Wednesday, January 18, 2006

Joe Wilson was right

Bush's State of the Union Address, January 28, 2003: The British Government has learned that Saddam Hussein recently sought significant quantities of uranium from Africa.

That was Bush's famous 'sixteen words' in case anyone's forgotten. Y'know as part of the causus belli for the Iran War. And the reason Karl Rove got so pissed off enough at Joseph Wilson's dissenting opinion that they had to put his CIA wife at risk. Cause Saddam's got him sum nukular bombs, see?
"We pointed out at that time that Zawahie was one of Iraq's foremost proponents of nuclear weaponry, and that Niger--a poor country with essentially no manufacturing output--exports virtually nothing except uranium and animal hides. We therefore asked the question: So What Was Iraq Buying From Niger? We now know the answer [i.e. uranium]." -Powerline, conservative water carrier for the Bush administration

To which I have to ask.... are you POSITIVE, Mr. Assrocket?
NY TIMES: WASHINGTON, Jan. 17 - A high-level intelligence assessment by the Bush administration concluded in early 2002 that the sale of uranium from Niger to Iraq was "unlikely" because of a host of economic, diplomatic and logistical obstacles, according to a secret memo that was recently declassified by the State Department.

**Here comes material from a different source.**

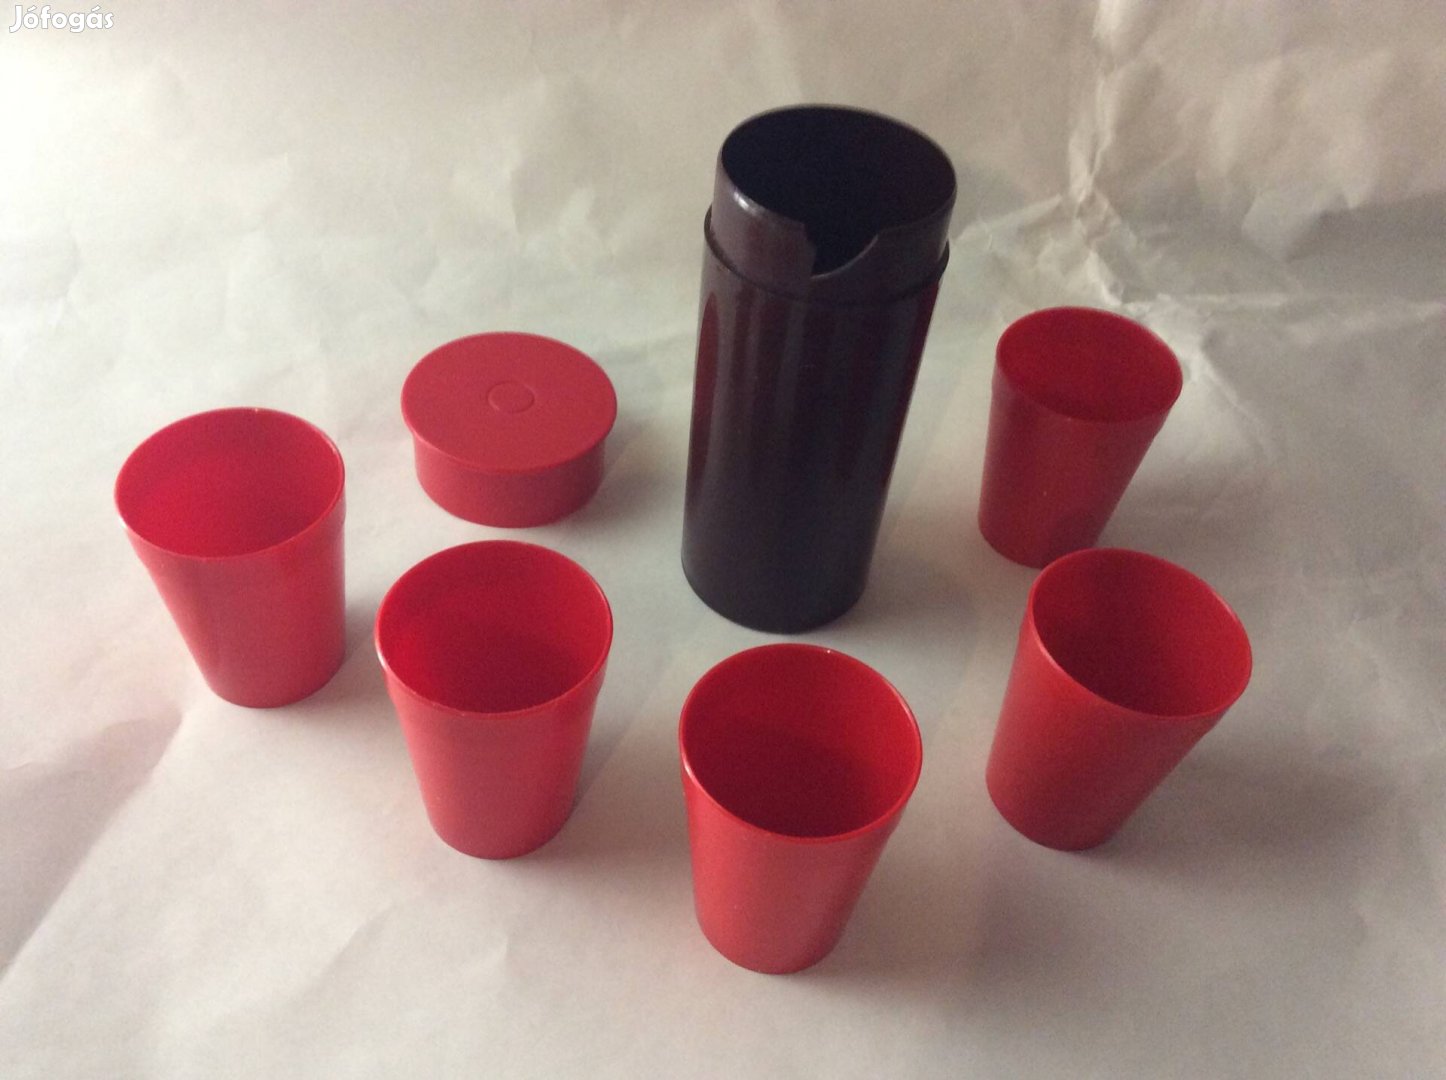 Műanyag röviditalos pohár készlet kiránduláshoz

Among other problems that made such a sale improbable, the assessment by the State Department's intelligence analysts concluded, was that it would have required Niger to send "25 hard-to-conceal 10-ton tractor-trailers" filled with uranium across 1,000 miles and at least one international border.

In early 2002, the Central Intelligence Agency sent the former ambassador Joseph C. Wilson IV to Niger to investigate possible attempts to sell uranium to Iraq. The next year, after Mr. Wilson became a vocal critic of the Bush administration's Iraqi intelligence, the identity of his wife, Valerie Wilson, a C.I.A. officer who suggested him for the Niger trip, was made public. The investigation into the leak led to criminal charges in October against Mr. Libby, who is accused of misleading investigators and a grand jury.

The review by the State Department's intelligence bureau was one of a number of reviews undertaken in early 2002 at the State Department in response to secret intelligence pointing to the possibility that Iraq was seeking to buy yellowcake, a processed uranium ore, from Niger to reconstitute its nuclear program.

A four-star general, Carlton W. Fulford Jr., was also sent to Niger to investigate the claims of a uranium purchase. He, too, came away with doubts about the reliability of the report and believed Niger's yellowcake supply to be secure. But the State Department's review, which looked at the political, economic and logistical factors in such a purchase, seems to have produced wider-ranging doubts than other reviews about the likelihood that Niger would try to sell uranium to Baghdad.

The review concluded that Niger was "probably not planning to sell uranium to Iraq," in part because France controlled the uranium industry in the country and could block such a sale. It also cast doubt on an intelligence report indicating that Niger's president, Mamadou Tandja, might have negotiated a sales agreement with Iraq in 2000. Mr. Tandja and his government were reluctant to do anything to endanger their foreign aid from the United States and other allies, the review concluded. The State Department review also cast doubt on the logistics of Niger being able to deliver 500 tons of uranium even if the sale were attempted. "Moving such a quantity secretly over such a distance would be very difficult, particularly because the French would be indisposed to approve or cloak this arrangement," the review said.

Chris Farrell, the director of investigations at Judicial Watch and a former military intelligence officer, said he found the State Department's analysis to be "a very strong, well-thought-out argument that looks at the whole playing field in Niger, and it makes a compelling case for why the uranium sale was so unlikely."

One more sour note in the neo-con wet dreams of WMD. I love it when desire for something becomes synonymous with having it when it comes to these myopic, harebrained lunatics. I want a new Mustang too but you don't see it parked in my garage, ya fucking morons. But if I tell you I have one, are ya gonna bomb the shit out of my house to prove otherwise?